I'm in Boston at the moment, but in my mind I'm thinking about the rotten apples on the steps going down into Burroughs Park in Flint. I've been walking up and down those steps for more than 20 years, and this time of year, an apple tree on the north side of the steps drops its apples and nobody ever does anything about it. So they drop and get in your way when they're still hard, and then they soften and turn brown and send up the most remarkable, tangy scent.
At first it's spicy and the nose dilates like my cat's noses in the morning when they first come up from the basement and sit in the kitchen window sniffing out little birds and squirrel pheromones. Our noses are designed to dredge in information -- is this good to eat? What does this signify? I like how my nose reacts to rotten apples. I don't want to eat them, but it seems to signify rich dynamic nature and the turning of the season.

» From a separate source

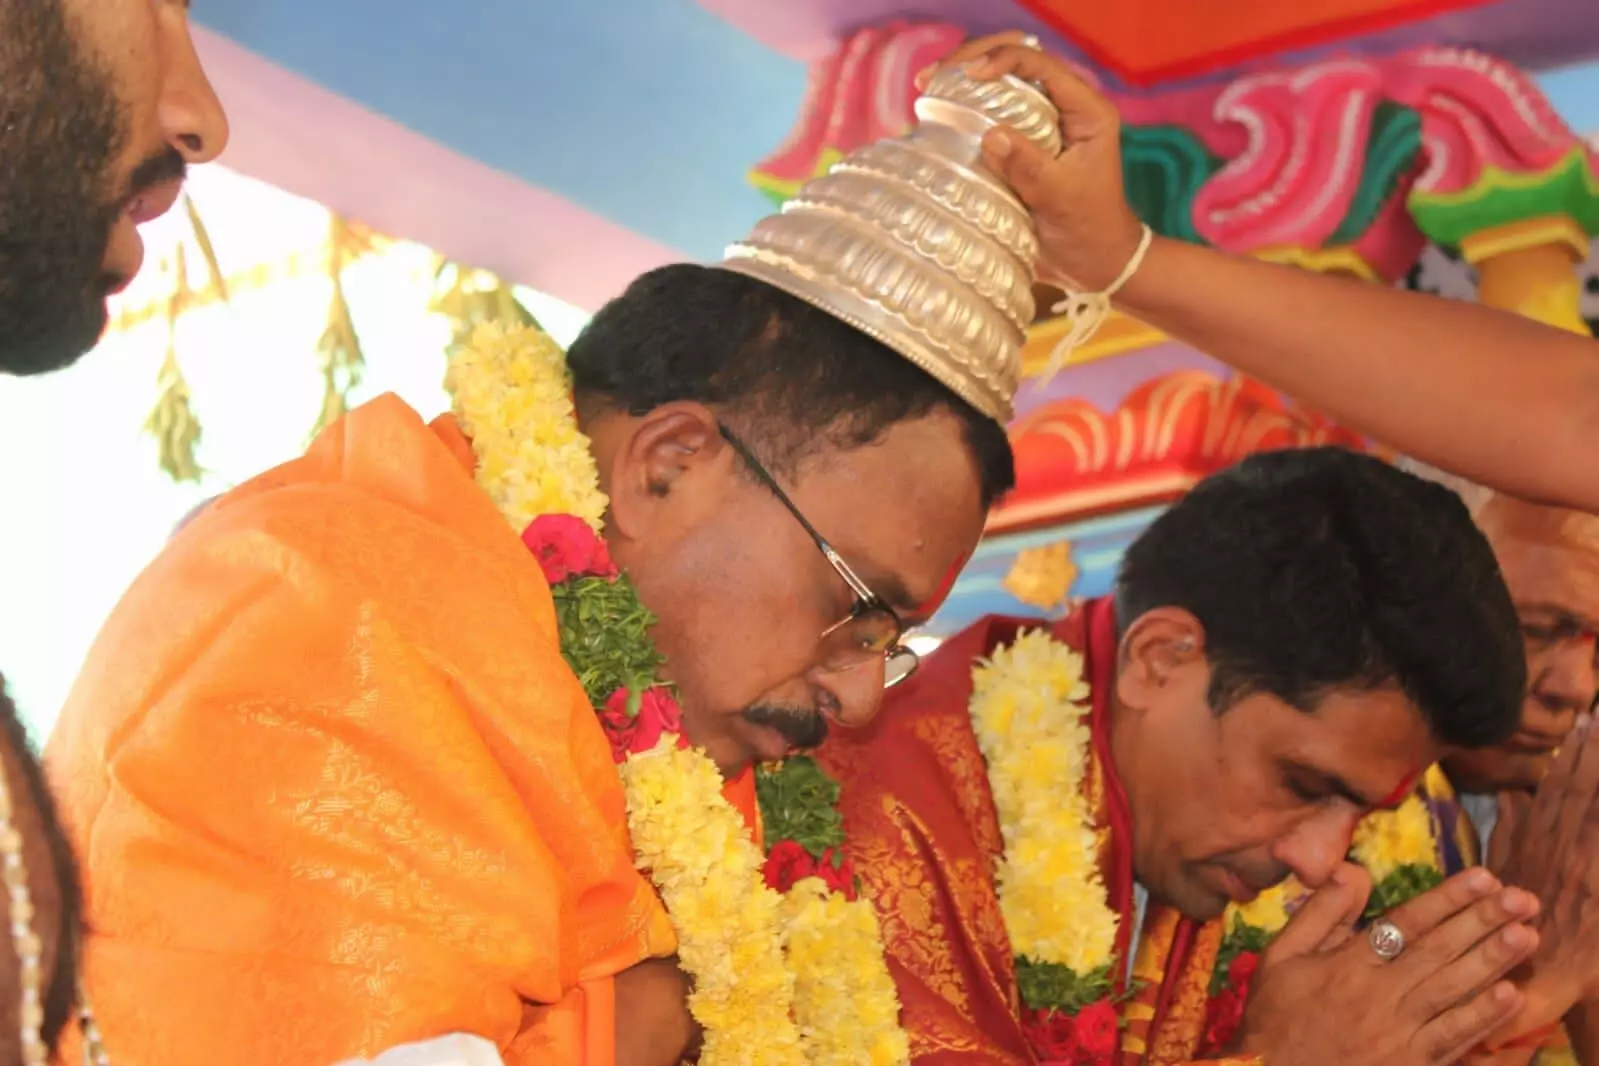 Congress parliamentary candidate Malluravi visited the Vattem temple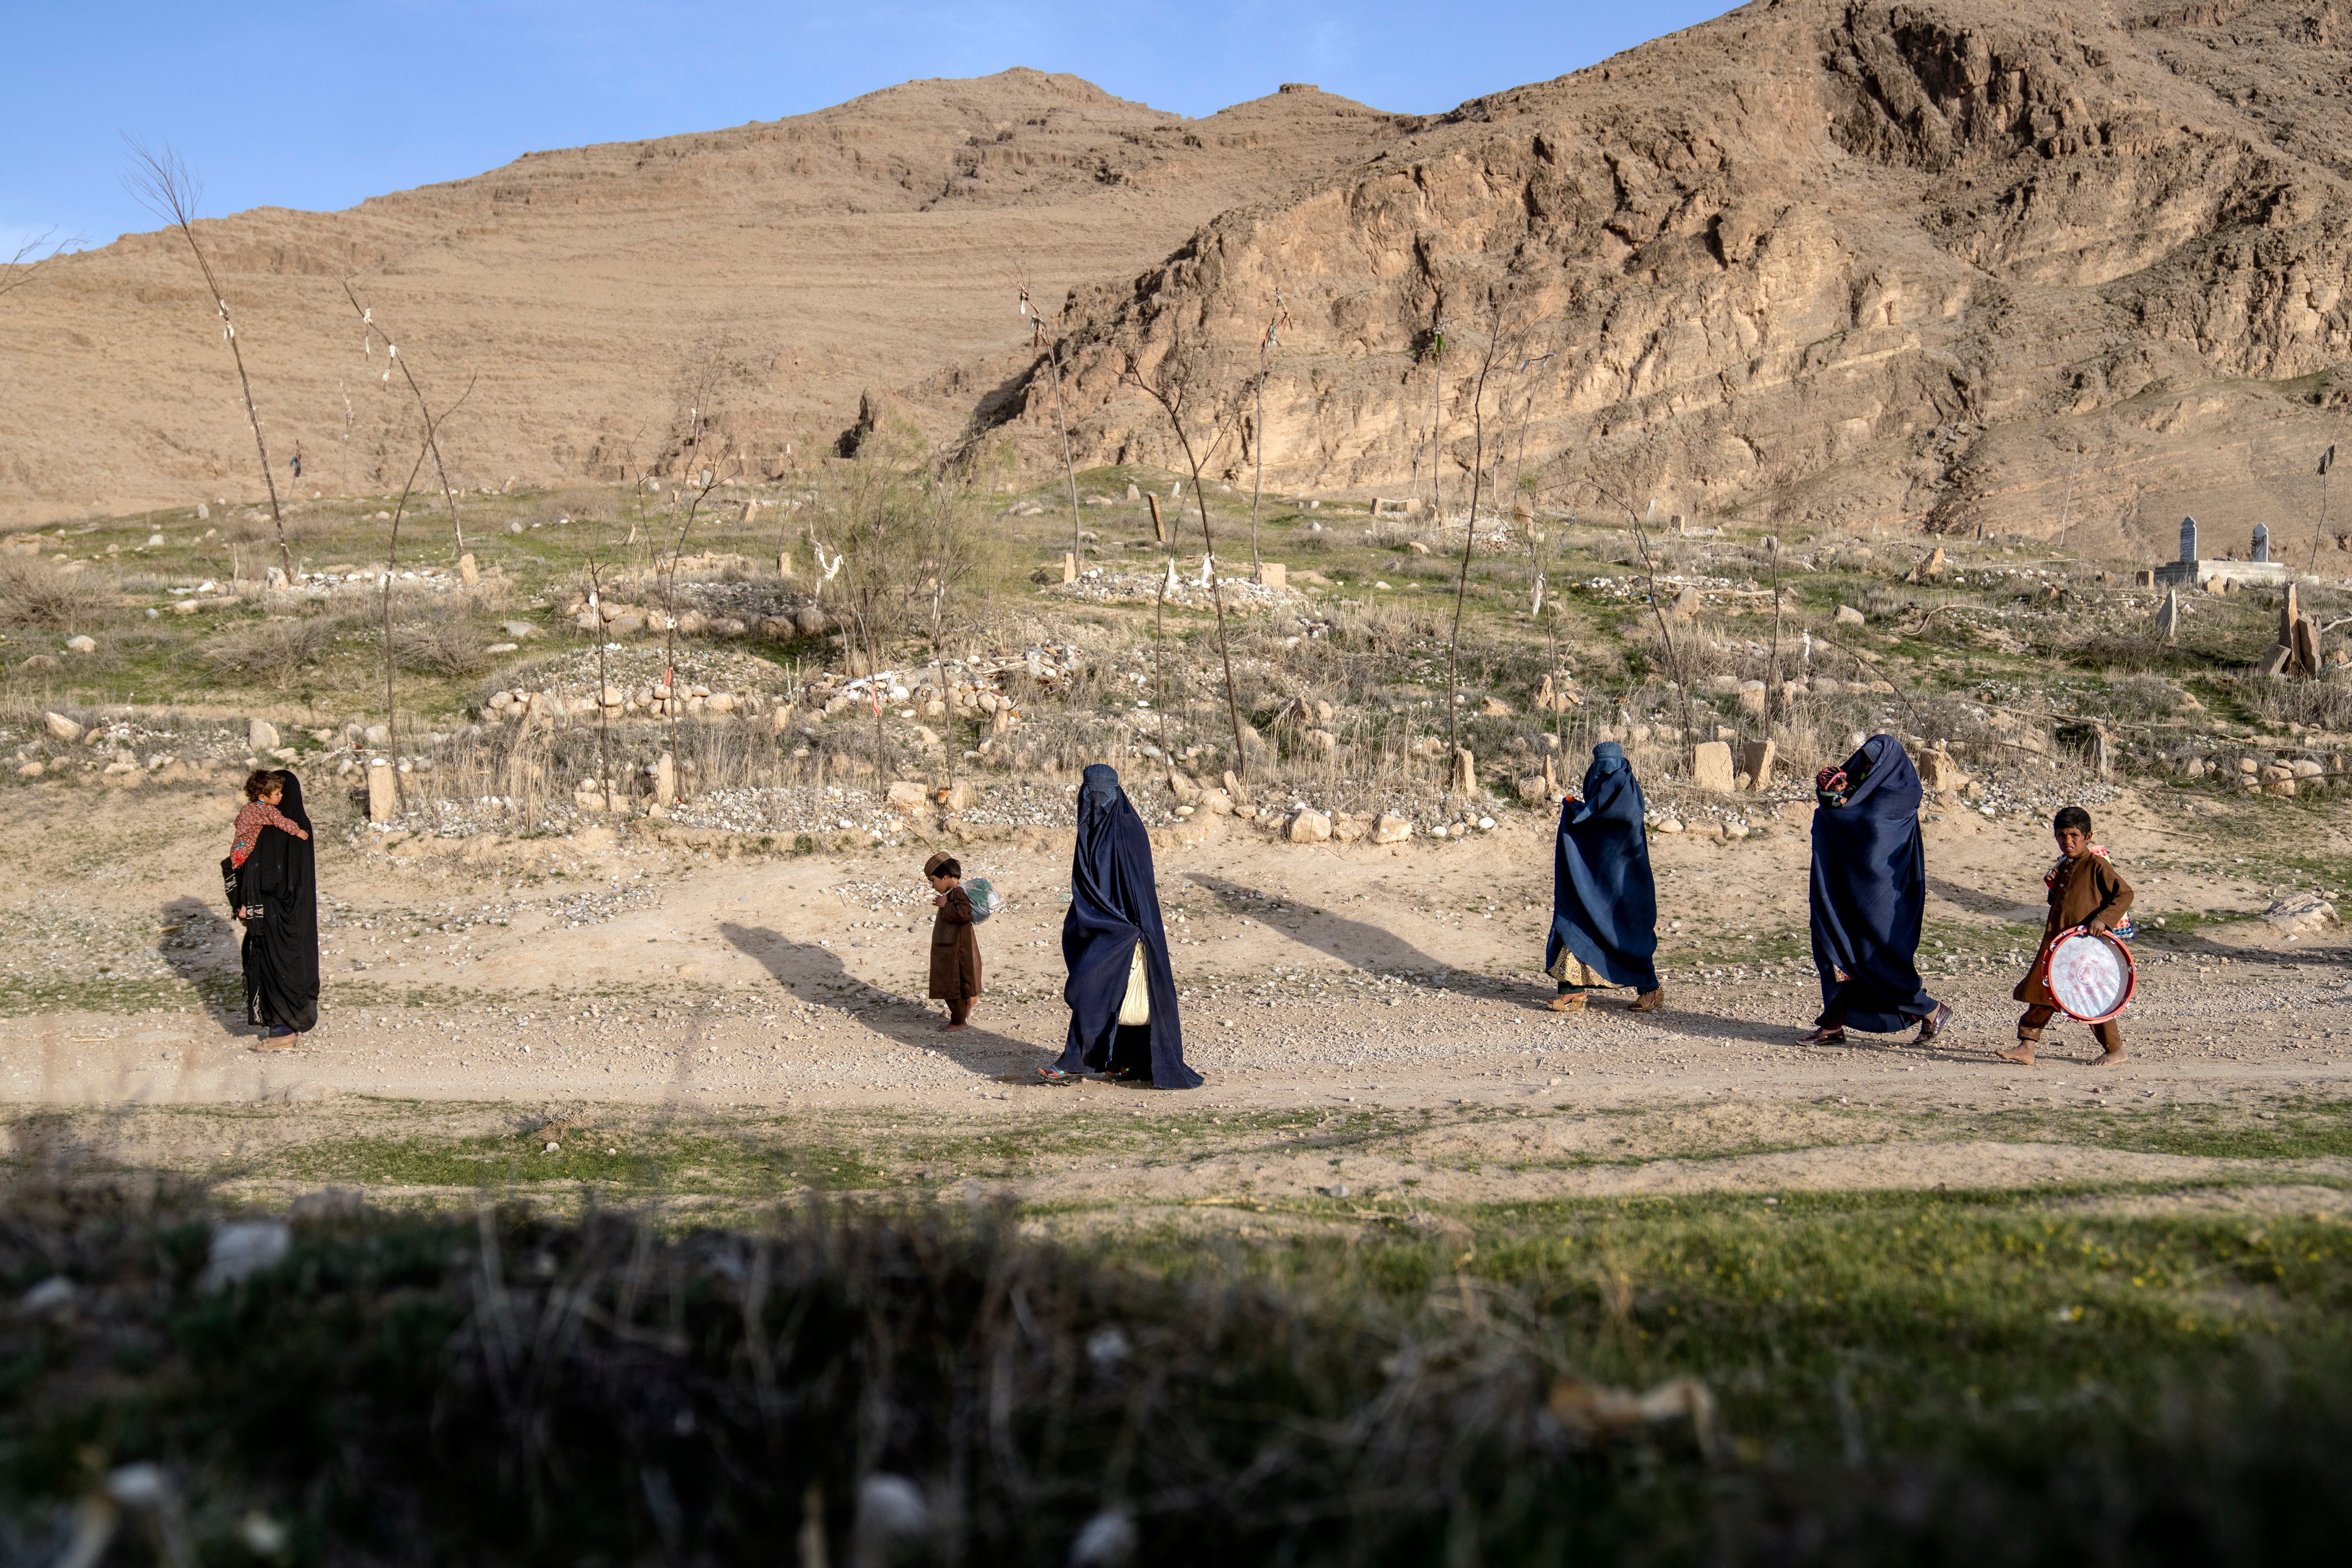 Women walk through a cemetery in a village in a remote region of Afghanistan. The Taliban administration has barred girls from high schools, universities and most jobs, including working for the UN and NGOs. Photo: AP

And my father. I remember my father when I smell rotten apples. In our one acre in McDonaldsville in Jackson Township in Ohio in the early 50s, he planted a miniature orchard of pear trees and a variety of apples -- I noted some of the varieties he loved in my oldy poem "World Travelers." He loved those apple trees. He thought one should not interfere with the apple drops -- he thought that was part of the plan for the other critters -- rabbits and birds, I guess. And he thought rotten apples did as they were meant to, sinking fragrantly back into the soil (humus, he proudly called it, a product of human planning he always believed in and cultivated -- he thought it was his responsibility to add to the humus layer). So those brown rotting apples were part of my father's world view, and also of my childhood, when I'd walk back there and be a little intimidated by their flagrant and fragrant journey back into the earth.